YOUR TASK: All of the listing must be given again exactly, except that the images are dropped.

DATA BLOCK:
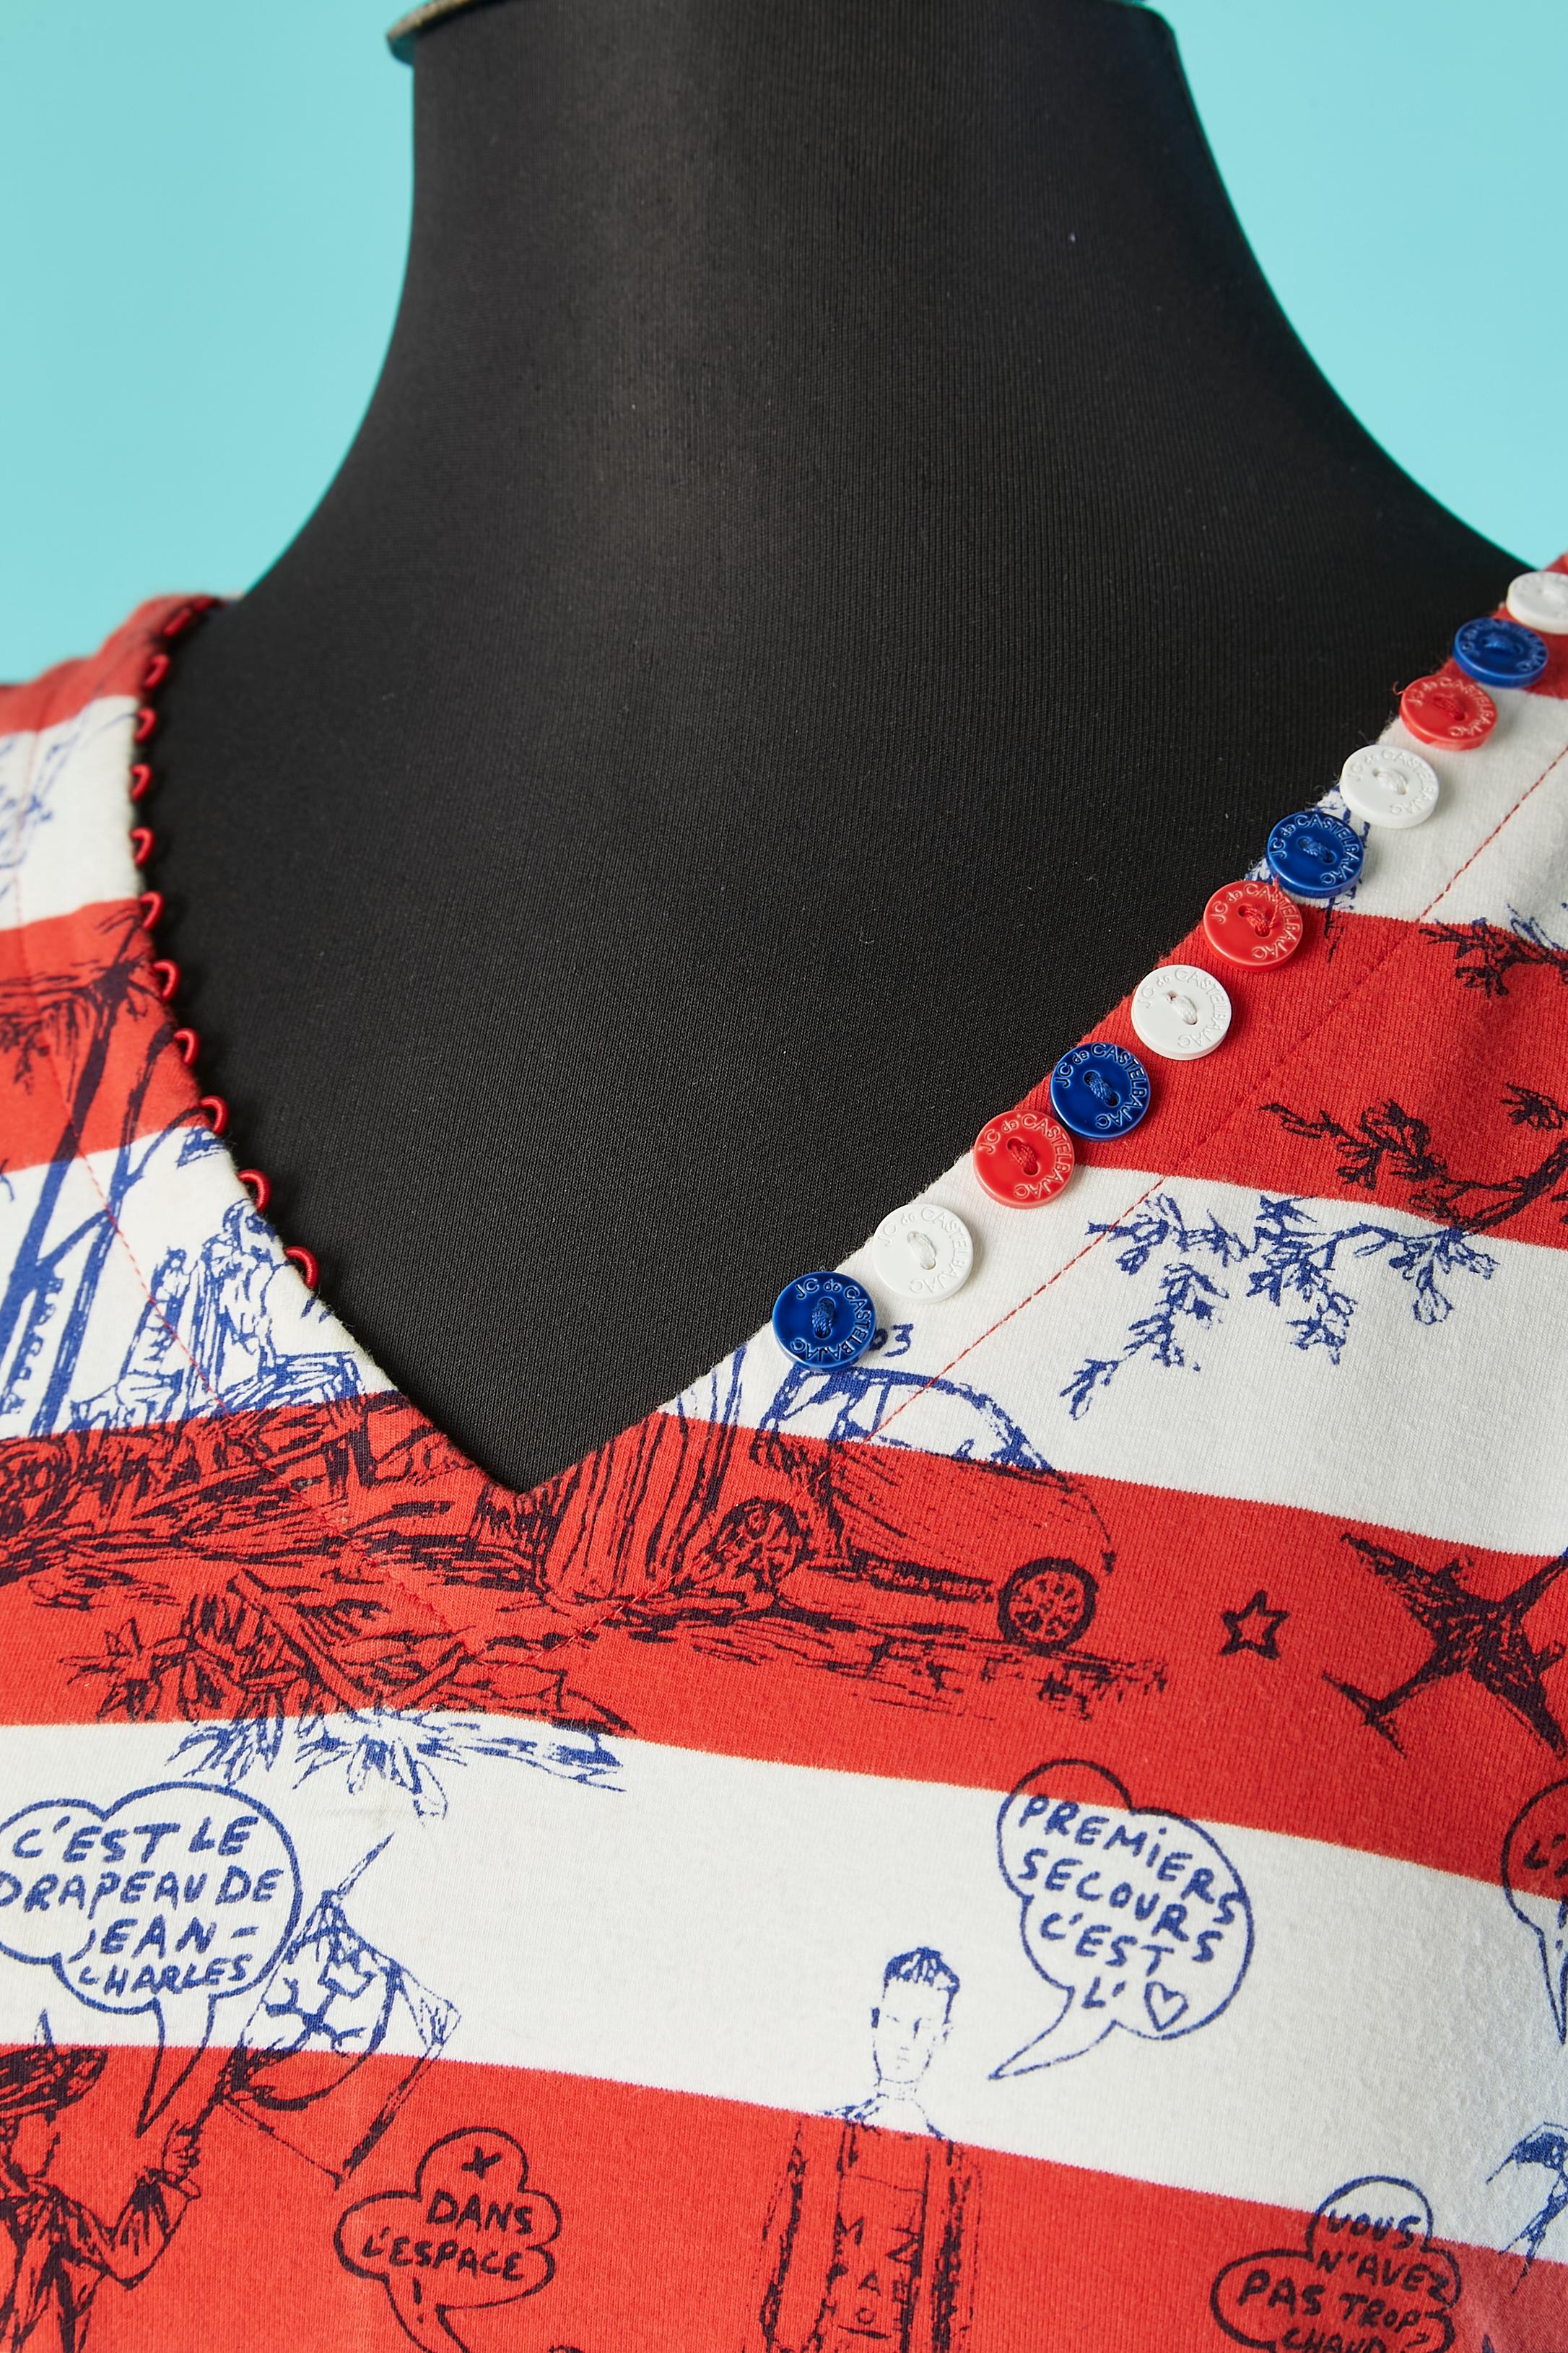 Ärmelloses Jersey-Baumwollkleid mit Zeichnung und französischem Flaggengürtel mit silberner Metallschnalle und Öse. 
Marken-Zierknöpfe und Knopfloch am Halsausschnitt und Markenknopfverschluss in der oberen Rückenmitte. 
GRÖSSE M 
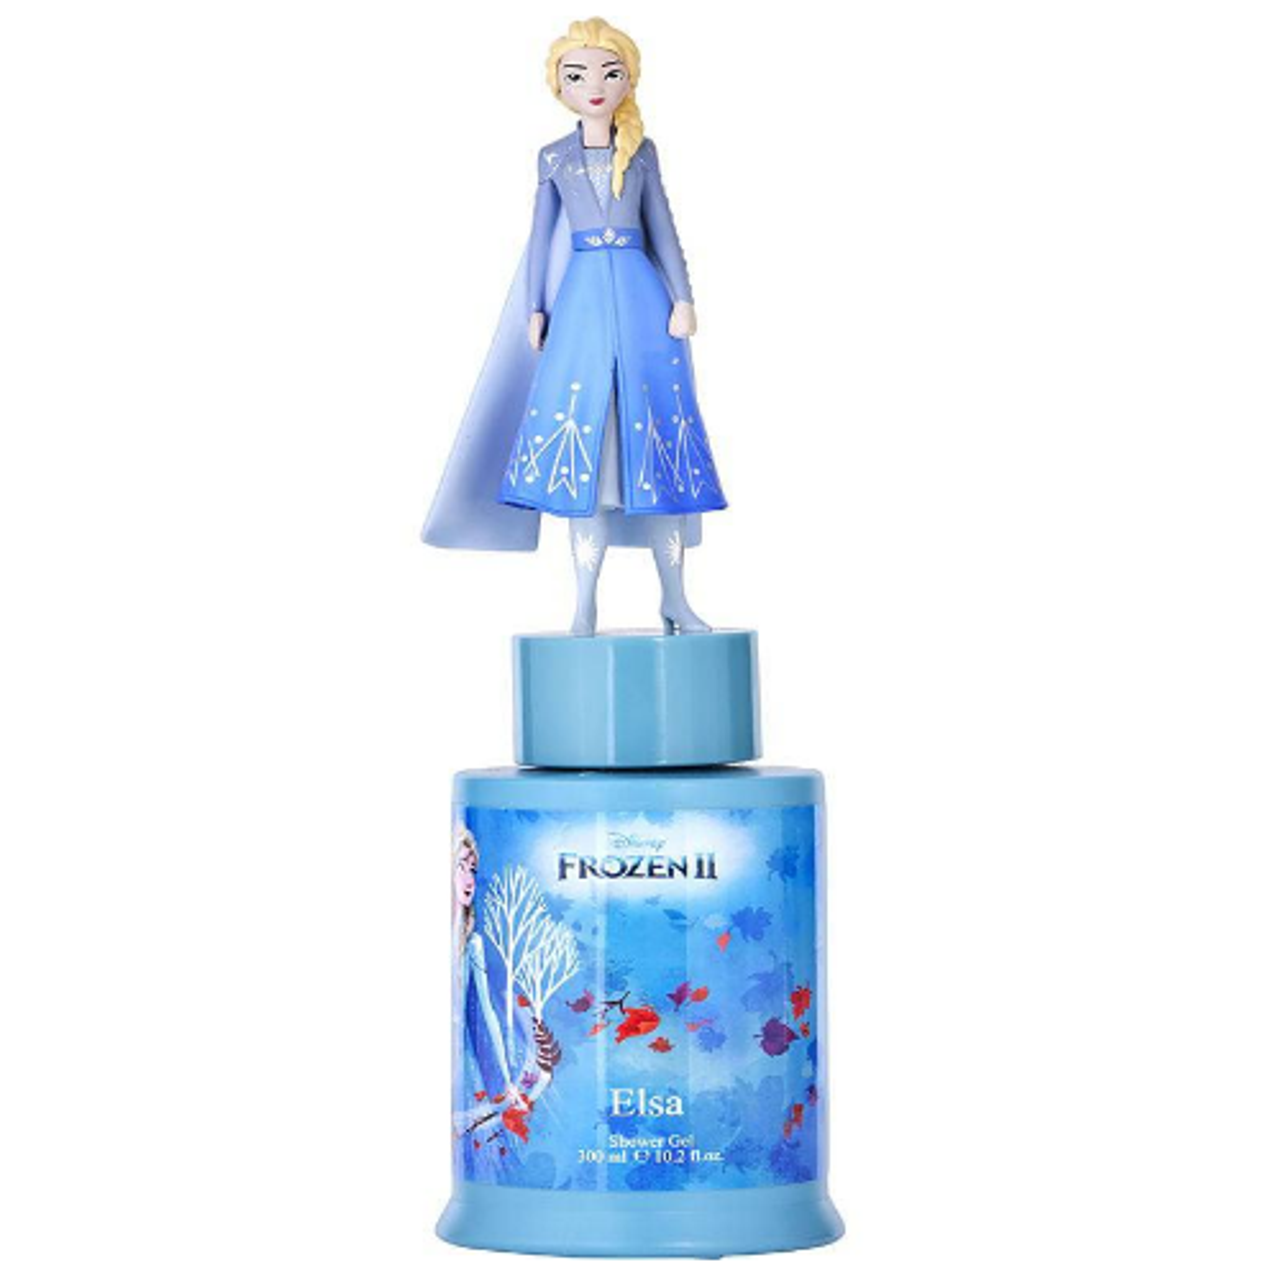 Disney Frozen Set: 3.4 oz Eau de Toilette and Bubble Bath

EXPECTED OUTPUT:
 Ärmelloses Jersey-Baumwollkleid mit Zeichnung und französischem Flaggengürtel mit silberner Metallschnalle und Öse. 
Marken-Zierknöpfe und Knopfloch am Halsausschnitt und Markenknopfverschluss in der oberen Rückenmitte. 
GRÖSSE M 
 Disney Frozen Set: 3.4 oz Eau de Toilette and Bubble Bath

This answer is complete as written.